**What the exercise asks**
In the data below, begin at the line with "The common chaffinch, usually" and stop after the line with "Proactive Baby Jogging"; output those lines exactly and no pictures.

**Data for this exercise**
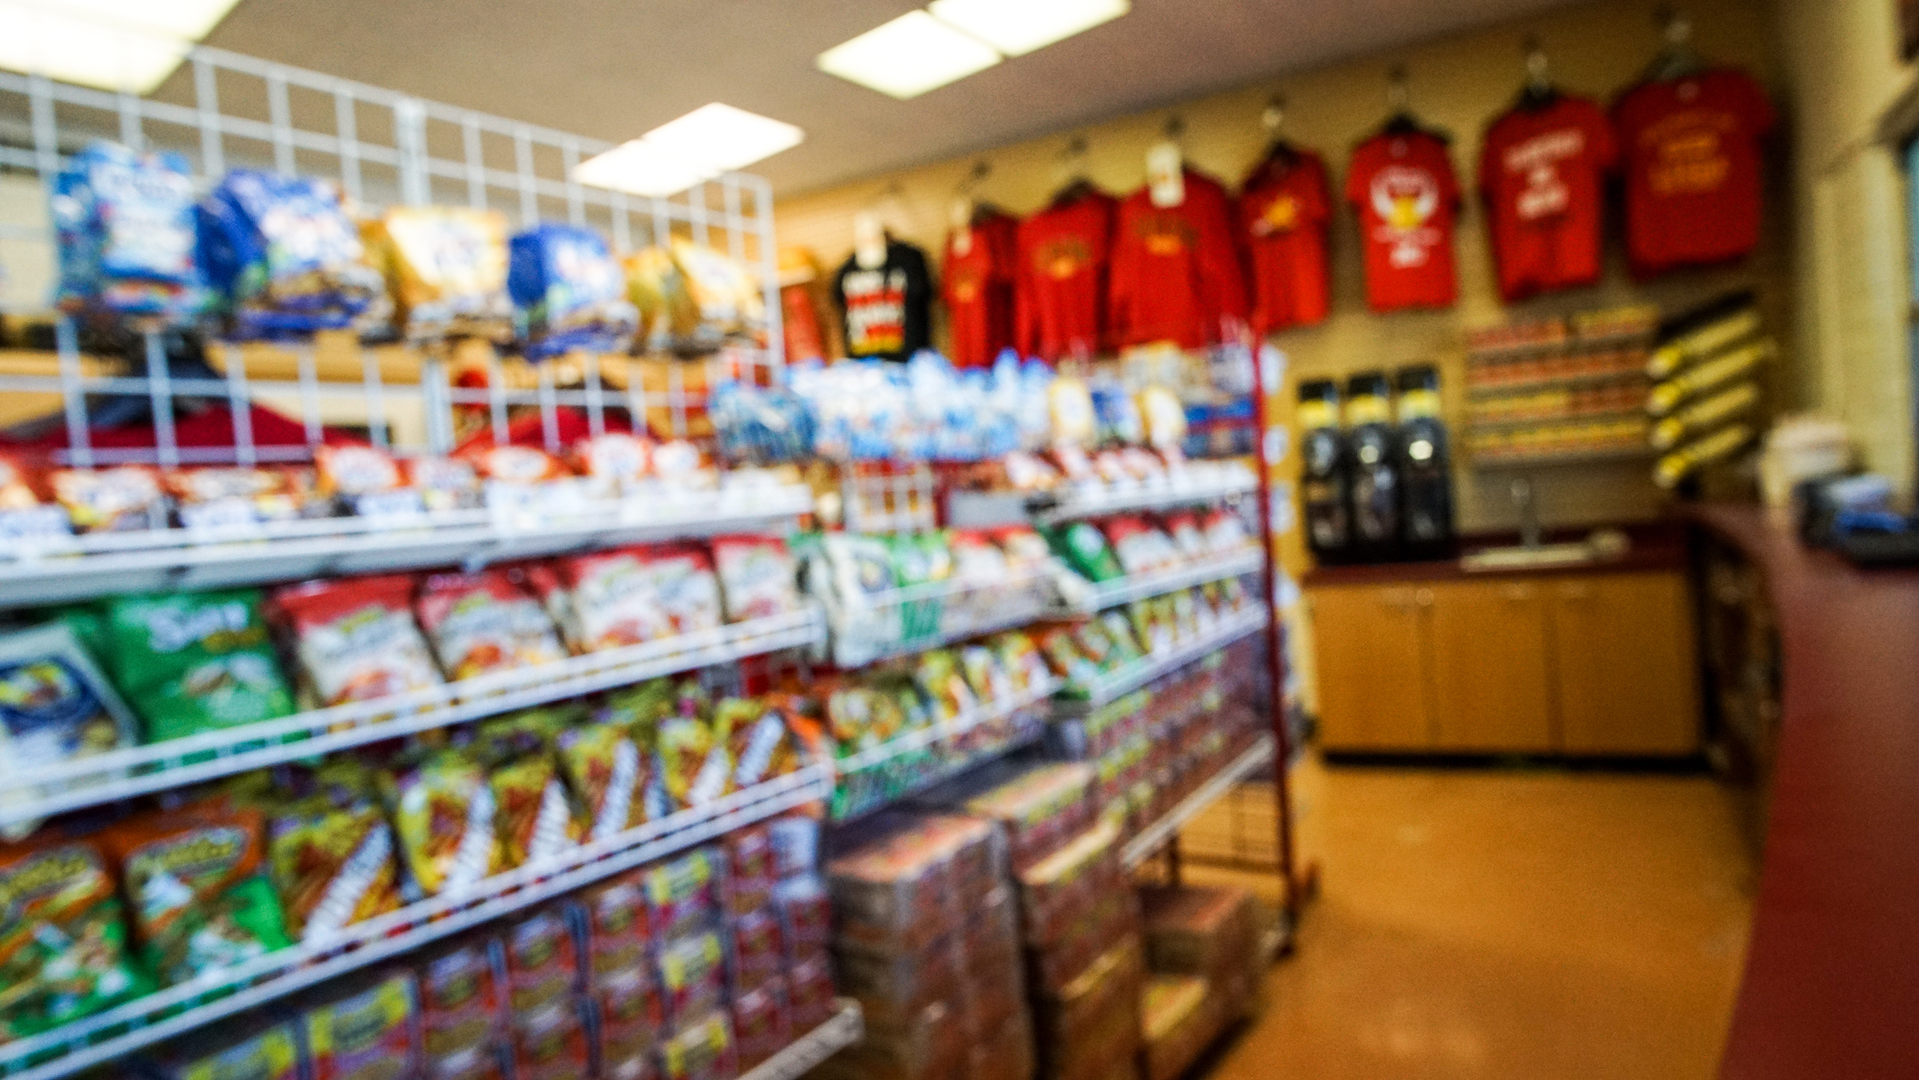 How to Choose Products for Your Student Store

* * *

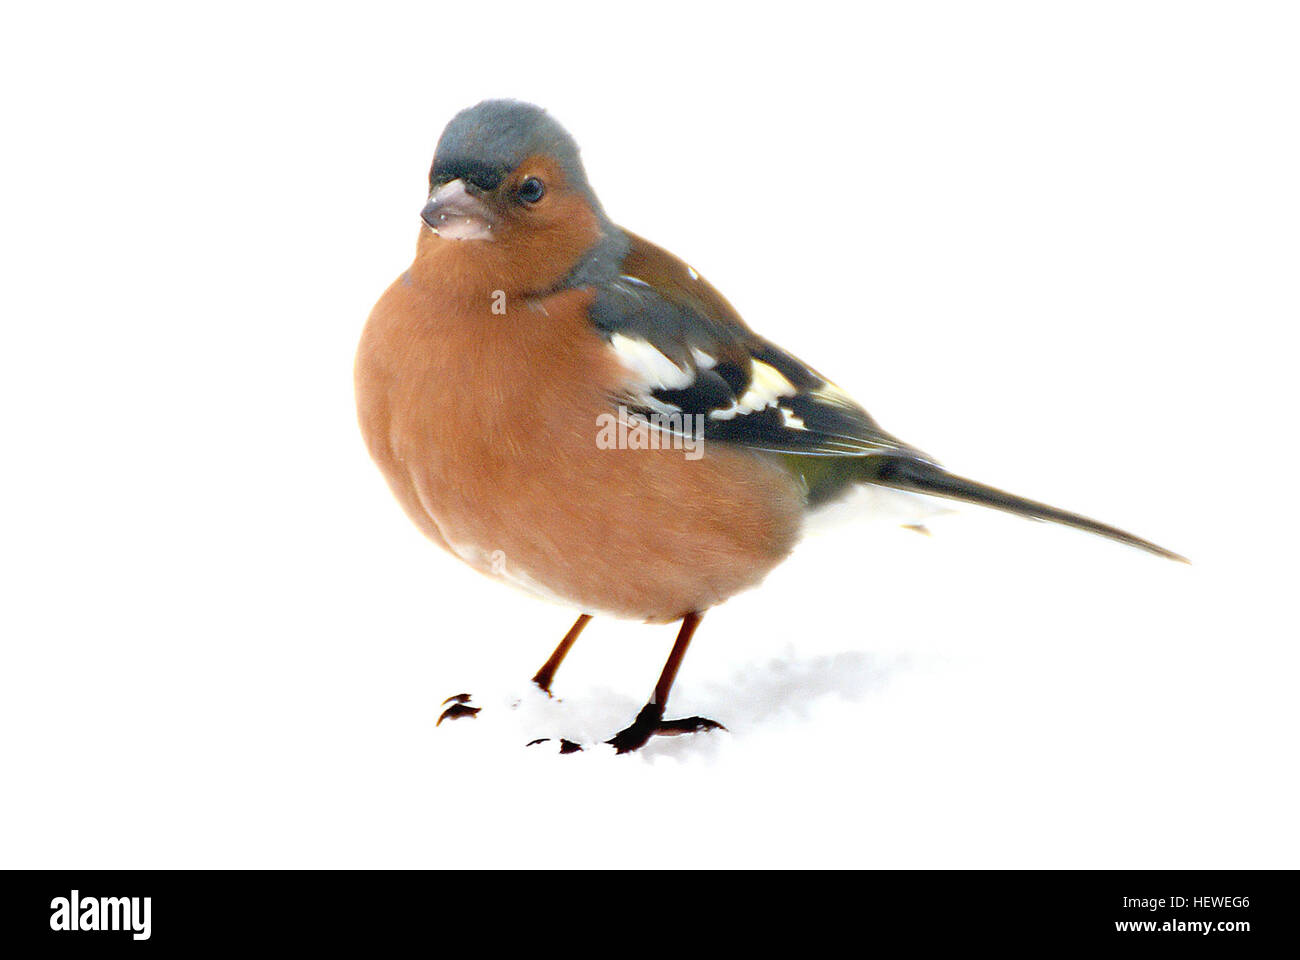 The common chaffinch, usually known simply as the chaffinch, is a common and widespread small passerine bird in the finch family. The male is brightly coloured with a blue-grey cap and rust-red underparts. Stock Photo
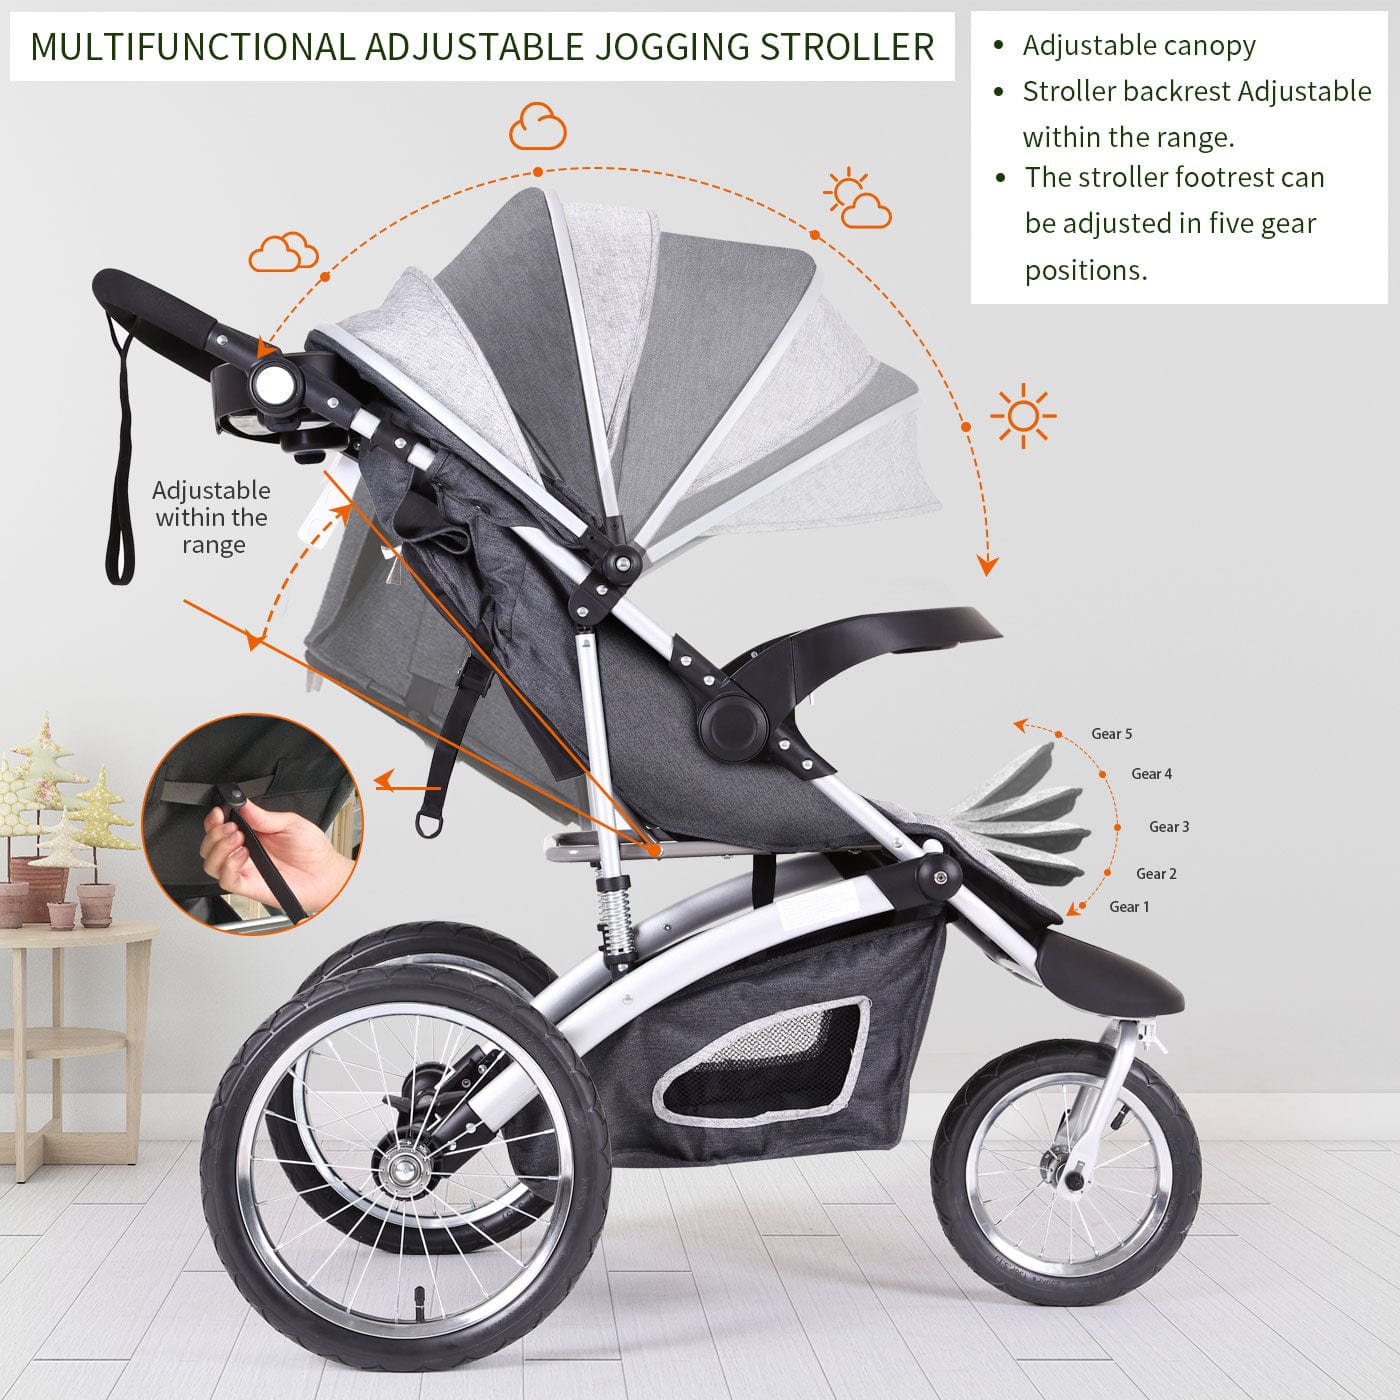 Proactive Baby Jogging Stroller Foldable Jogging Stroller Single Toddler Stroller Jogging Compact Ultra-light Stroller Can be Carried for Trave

**Reply to the exercise**
 The common chaffinch, usually known simply as the chaffinch, is a common and widespread small passerine bird in the finch family. The male is brightly coloured with a blue-grey cap and rust-red underparts. Stock Photo
 Proactive Baby Jogging Stroller Foldable Jogging Stroller Single Toddler Stroller Jogging Compact Ultra-light Stroller Can be Carried for Trave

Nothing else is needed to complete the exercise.